Изменить размер шрифта - +
Так как у троллей особый надрез на глазу, то они не представляли вещи и людей в их подлинном виде. И о Григе они думали, что он громадного роста и необычайной силы. Иначе, как он мог покорить стольких людей? Признаться, они трусили. Они били в барабаны и в большие медные тарелки, чтобы заглушить его голос: они думали, что он гремит, как гром.

И что же? Когда он появился на пороге их замка, они вначале даже не заметили этого. Он был на вид совсем обыкновенный человек, к тому же болезненный, небольшого роста. Но они ощутили еще больший страх и сами не знали отчего. Когда он взглянул на них своими голубыми глазами, они не смогли выдержать этот ясный, умный взгляд. Но что сделалось с ними, когда он взял в руки свою восьмиструнную скрипку и провел по ней смычком! Они заметались, они взвились на лету, толкая друг друга. Большие тролли вылетели через двери замка, средние – сквозь окна, самые маленькие провалились сквозь щели. А король троллей громко завыл, стукнулся головой о широкий купол, который с шумом раздался. И король улетел неизвестно куда…

А замок рухнул, и вместо него было построено уютное человеческое жилище, где Эдвард Григ продолжал сочинять свою музыку.

Так были побеждены тролли. Но они могли прислать Пуговичника, снабдив его громадной ложкой. Она была еще страшней, чем ее хозяин. Извиваясь в его руках, она указывала ему направление. Он мог пропустить свою жертву, но ложка еще издали намечала ее.

– Но ведь он не придет, не правда ли? – в тревоге спрашивала Атта.

– Думаю, что не придет, – отвечал Григ. – Во всяком случае, защитники у меня найдутся!

 

Глава одиннадцатая

 

Летнее утро началось празднично. Это был день рождения Эдварда Грига. Шестьдесят четыре года исполнилось ему в этот день, и он вышел из дому, проснувшись раньше всех, как обычно в последние годы. Увы, спутника юных и зрелых лет, брата Джона, не было с ним. Шесть лет назад он умер. Он сам ушел из жизни, которая так красиво и радостно открывалась перед ним. Эдвард Григ был потрясен этой загадкой.

…Как приблизилось теперь детство и как ясно все вспоминается: и бег на лыжах в школу, и беседы с матерью, и Скала тролля, и первое знакомство с музыкой. Джон так уверенно водил смычком по своей виолончели и так быстро научился играть!

Ах, как прекрасен был Джон и какие силы кипели в нем!

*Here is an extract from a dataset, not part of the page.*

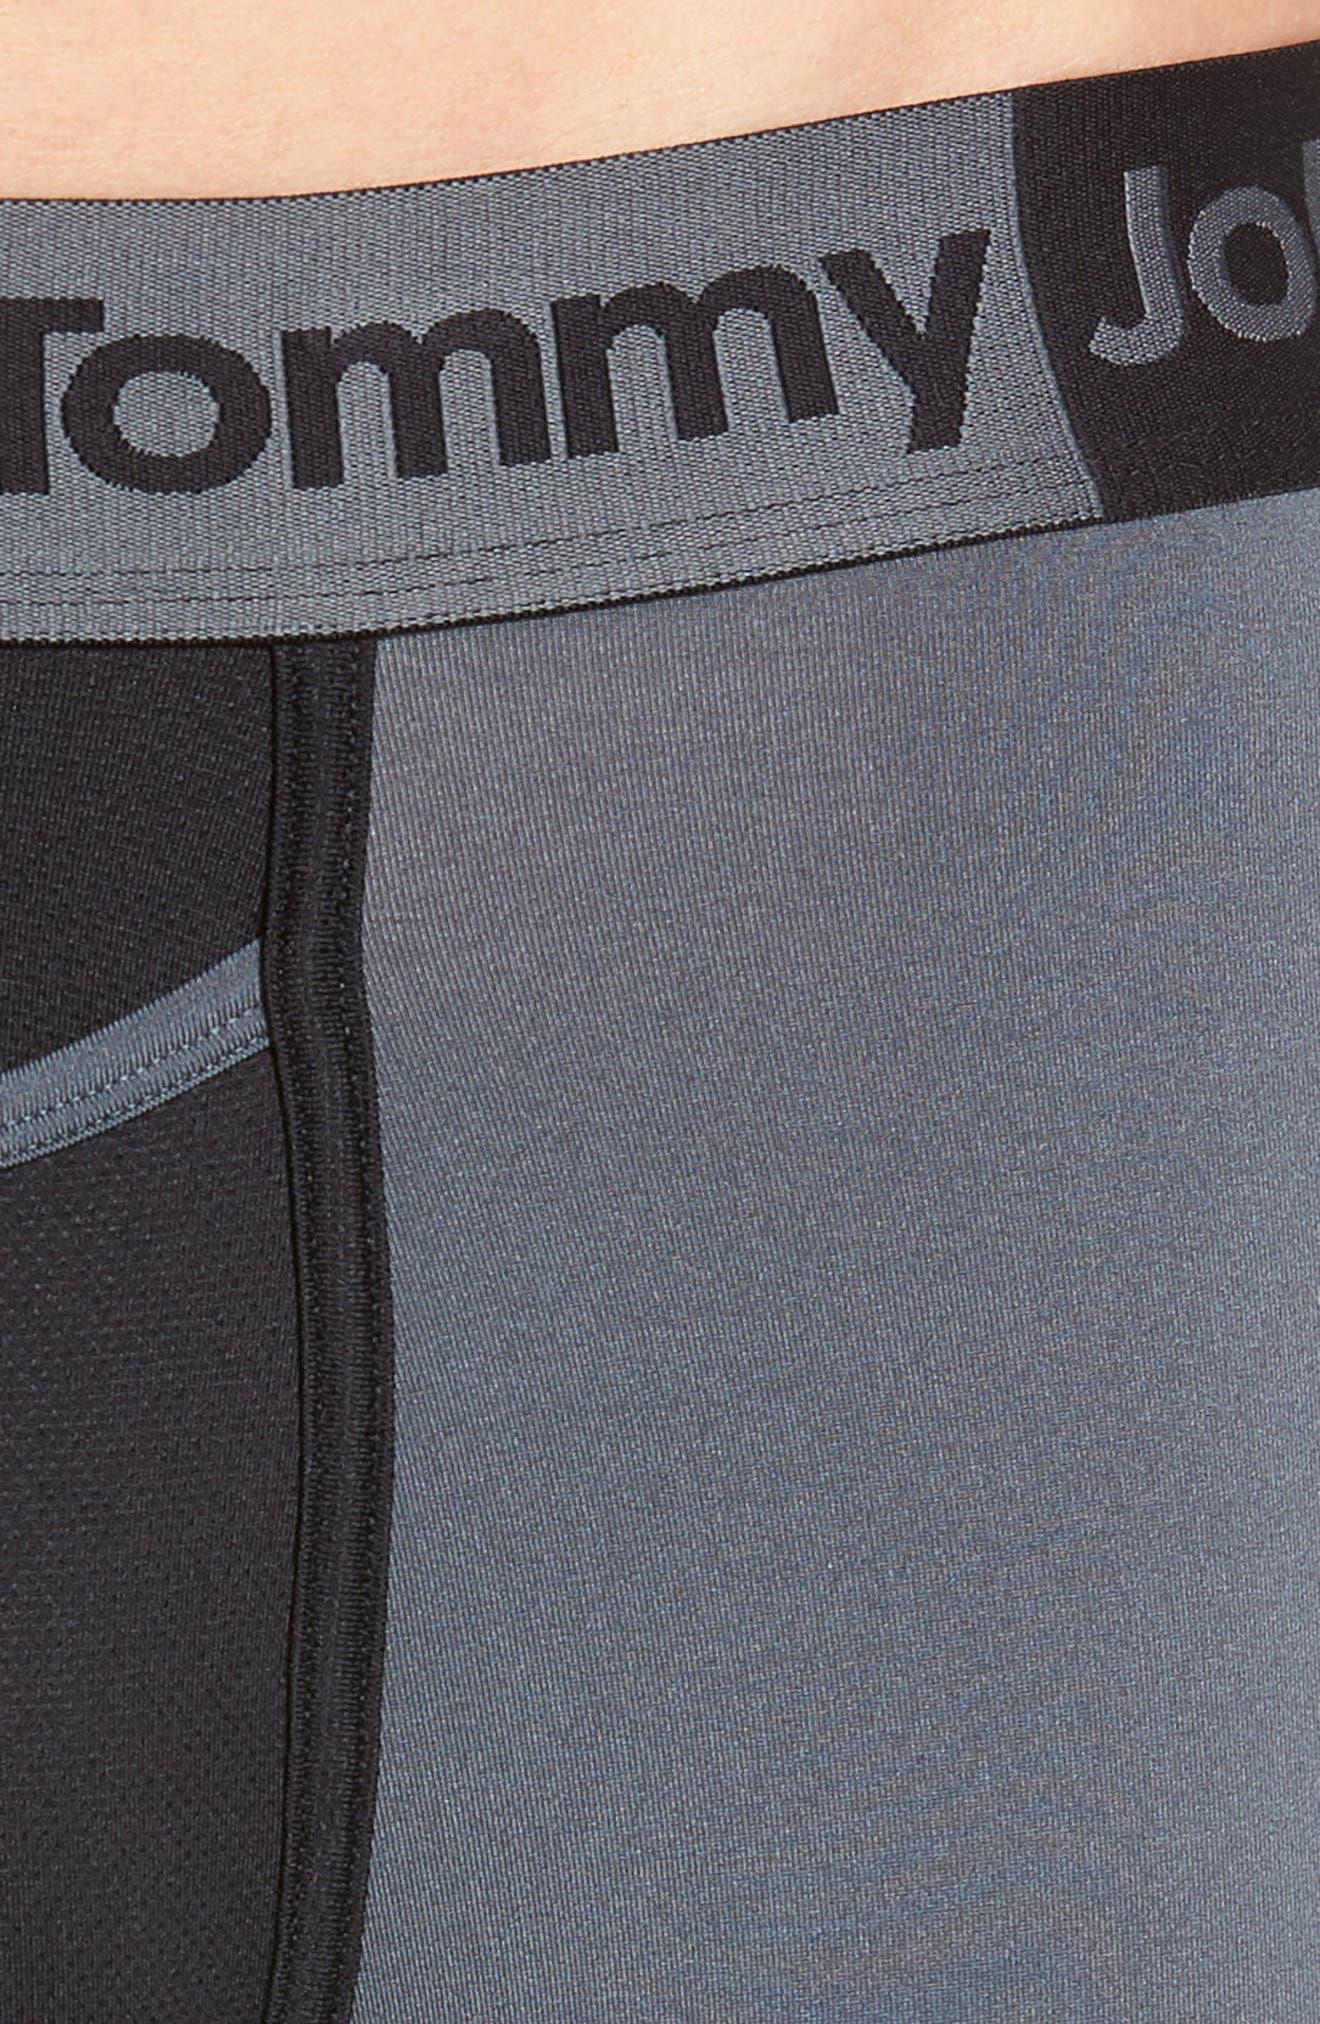 360 2.0 Boxer Briefs,                             Alternate thumbnail 4, color,                             TURBULENCE/ BLACK

Отчего это так бывает, что все богатство души не может проявиться и сам человек увядает, гибнет?

Как грустно думать об этом в радостный июньский день!

…Да, день совершенно такой же, как и тот, когда выздоровевший бычок крестьянки Ганны Гуум немым толчком в бок поздравил семилетнего Эдварда, а старый, безмолвный тролль впервые заговорил с ним на своей скале.

Уже с утра тепло, день обещает быть солнечным. Пятнадцатое июня не такое время, чтобы природа хмурилась. Все, напротив, цветет и улыбается, и, как всегда в день рождения Эдварда Грига, природа принимает участие в празднике.

Не подозревая, что ему осталось жить неполных три месяца, он чувствовал себя в это утро довольно хорошо. Одно время он тосковал о прошедших дорогих годах, и среди его последних фортепианных пьес попадались грустные названия: «Тоска», «Мимо», «Кончено». Разумеется, и музыка соответствовала этим названиям. Ему полюбился образ улетающей птицы – чайки или лебедя – и часто слышался ее прощальный клич. Жизнь шла диминуэндо – слабея и затихая, как он когда то предсказывал себе, и он только старался, чтобы это убывание жизни было красивым, то есть спокойным.

Но несколько лет назад с ним произошла странная перемена, и вместо лебединой песни, полной грусти и прощания с землей, он услыхал иной клич, звучащий только в молодости.

Ему удалось написать девятнадцать фортепианных пьес, удивительно свежих и бодрых. Он назвал их народными крестьянскими танцами.